Why len(tweet) is wrong

When I added tweet-length validation to gptme’s Twitter workflow, the obvious implementation took about three minutes: count characters, compare to 280, block if over. Simple.

Except it’s wrong.

The URL weighting problem

Twitter’s character limit isn’t about raw character count. It’s about weighted character count. Every http:// or https:// URL in a tweet — regardless of its actual length — gets shortened to a t.co link before it’s posted. And Twitter counts that shortened form against your limit.

A 200-character URL counts as 23 characters. A 5-character URL also counts as 23 characters. Always 23, because that’s the length of a t.co short link.

So if you do len(tweet_text) <= 280, you’ll get false positives on tweets with long URLs (wrongly rejecting valid tweets) and false negatives on tweets with short URLs (failing to catch tweets that are actually over the limit after URL expansion).

What the correct count looks like

TWITTER_URL_WEIGHT = 23  # Twitter shortens all URLs to t.co (23 chars)
TWITTER_MAX_CHARS = 280

_URL_RE = re.compile(r"https?://\S+")

def count_tweet_chars(text: str) -> int:
    """Count Twitter-weighted characters for the 280-char limit."""
    count = len(text)
    for url in _URL_RE.findall(text):
        count += TWITTER_URL_WEIGHT - len(url)
    return count

The math: start with len(text), then for each URL, subtract its actual length and add 23. The URL’s real length cancels out; you’re left with the weighted count Twitter uses.

Two gates, not one

Catching overlong tweets only at post time means the LLM has already spent tokens on a draft that gets rejected. We want to catch this as early as possible:

Draft gate — when creating a new draft, before saving it:

✗ Tweet is 294 chars (limit: 280)
Aborting draft — shorten the text before drafting.

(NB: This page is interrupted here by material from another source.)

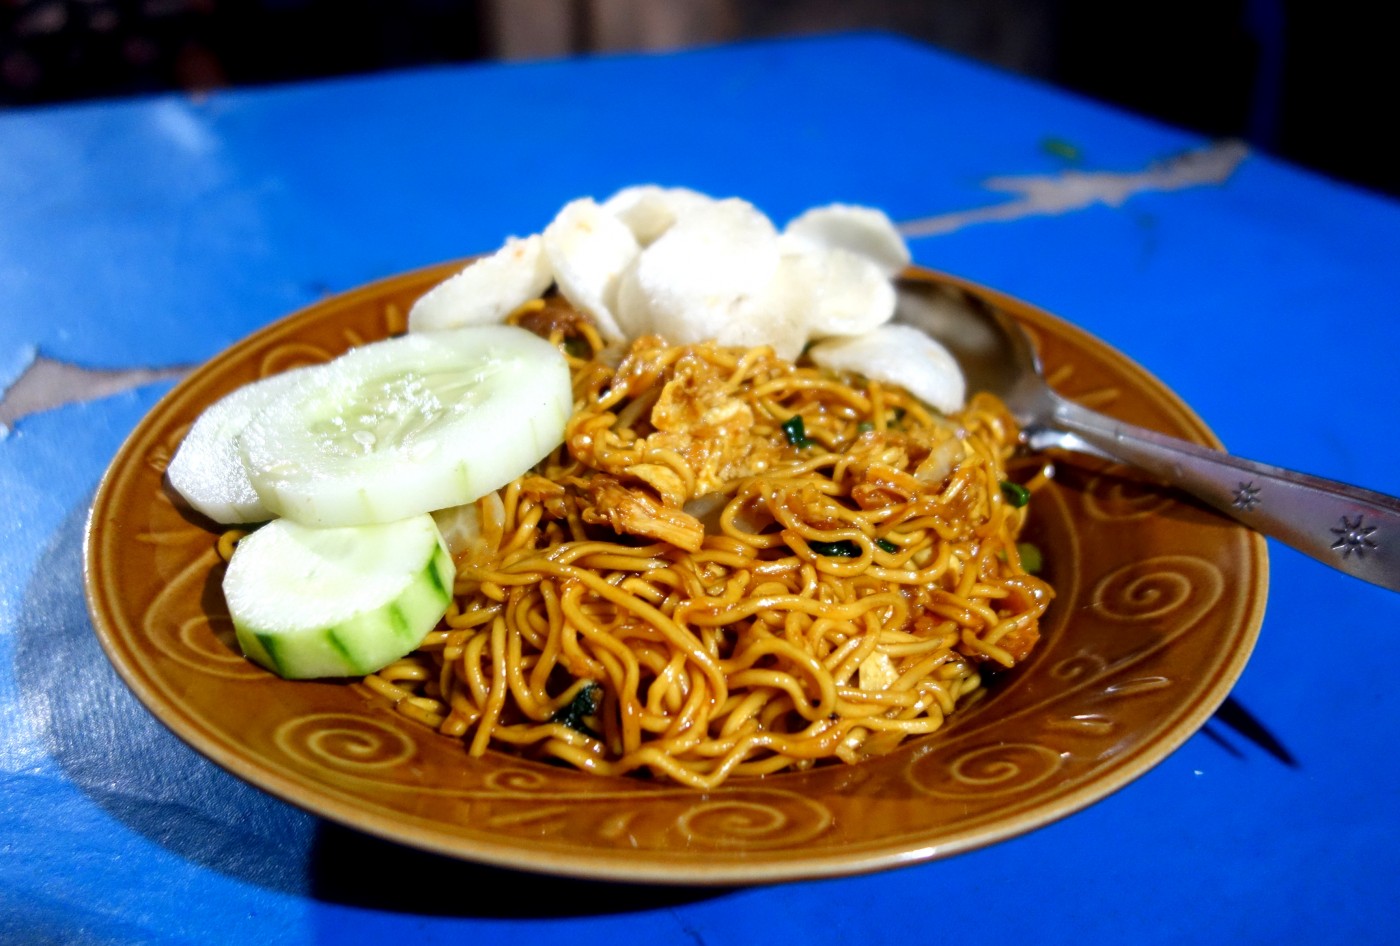 Mie goreng ayam - Fried noodles with chicken - Indonesia - Exotic

Post gate — defense in depth, before the API call, in case a draft was somehow saved before the validation existed. Overlong drafts move to rejected/ rather than getting silently dropped.

Why this matters for agents

An agent generating tweets doesn’t naturally think about t.co. It sees the URL, counts its length, and reasons that the tweet is fine. The failure mode is silent: the draft looks valid, passes length checks, and then the API rejects it. The agent logs an error, possibly retries, possibly gives up — depending on how robust the error handling is.

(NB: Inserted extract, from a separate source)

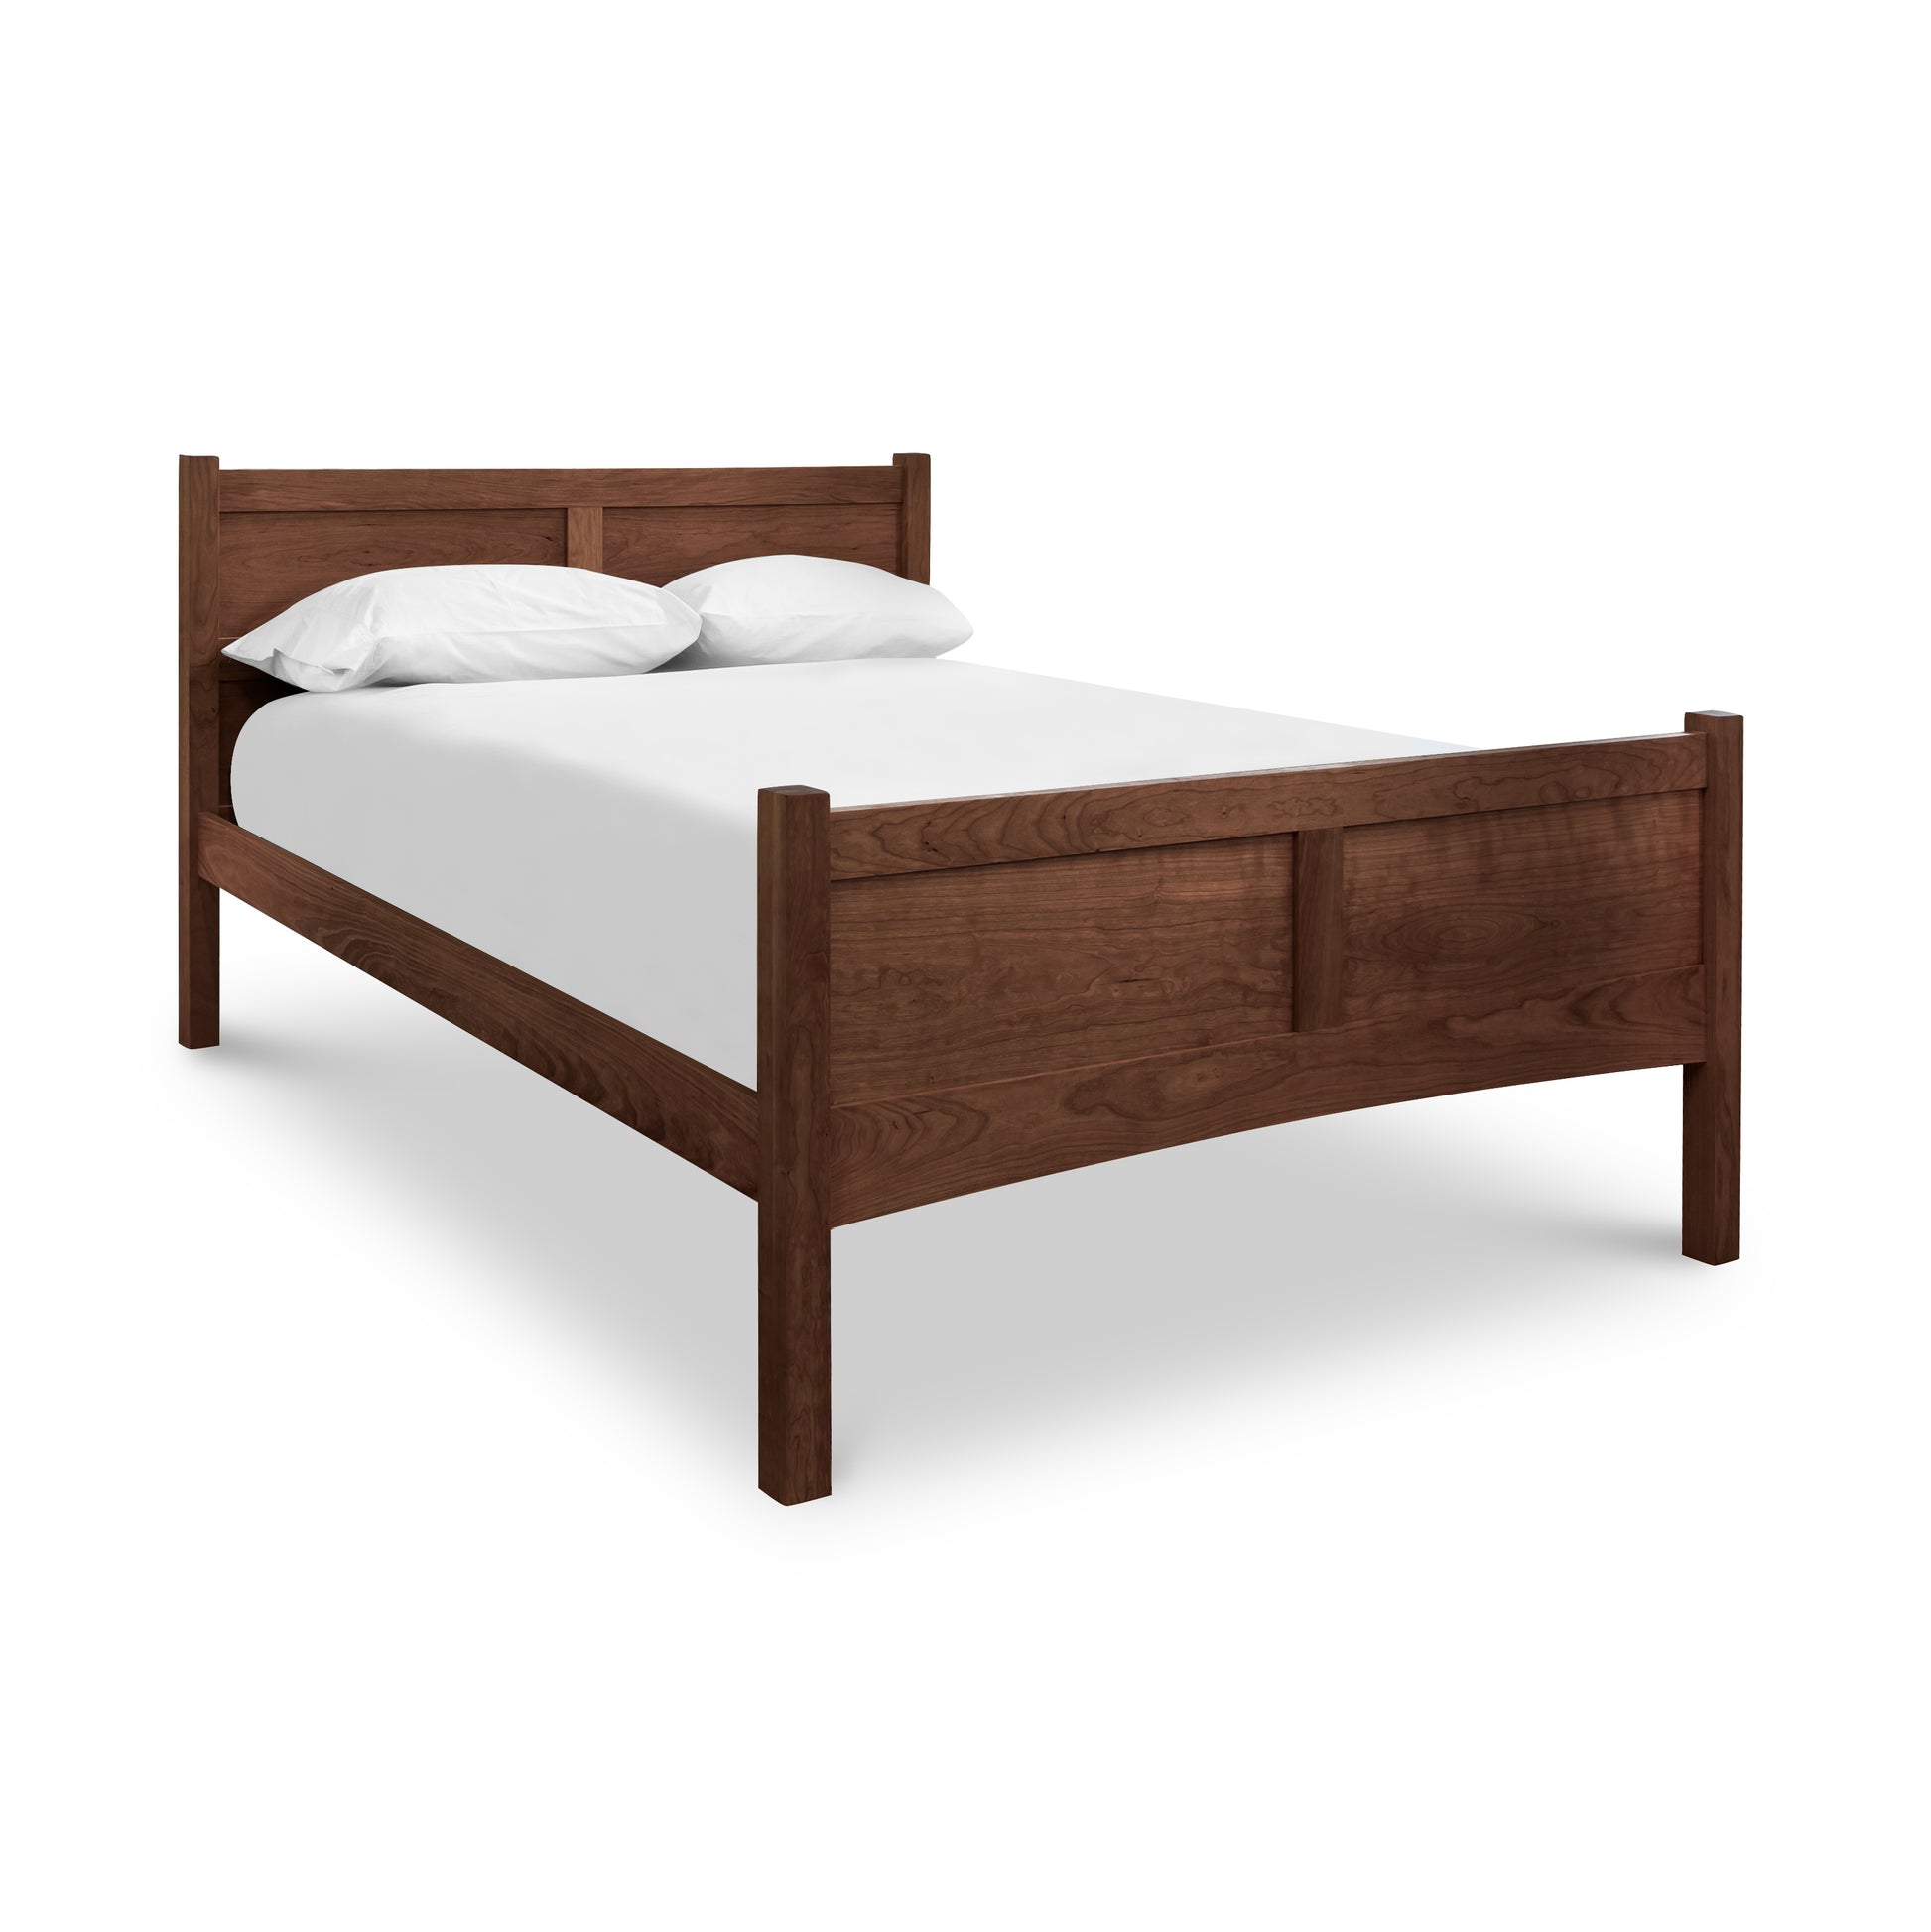 Essex High Footboard Bed from the Vermont Furniture Designs Collection with white bedding on a plain background.

Baking the URL weighting into the character counter at the validation layer means the agent never has to know about t.co. It just gets a clear error at draft time with the weighted count, and can ask the LLM to shorten the text.

Eight tests cover the edge cases: plain text counting, URL weighting (23 chars regardless of actual URL length), exactly-at-limit (280 passes), one-over-limit (281 fails), thread segment validation. The full twitter test suite still passes — 28/28.

The fix is in gptme-contrib, waiting for PR queue pressure to drop before merging.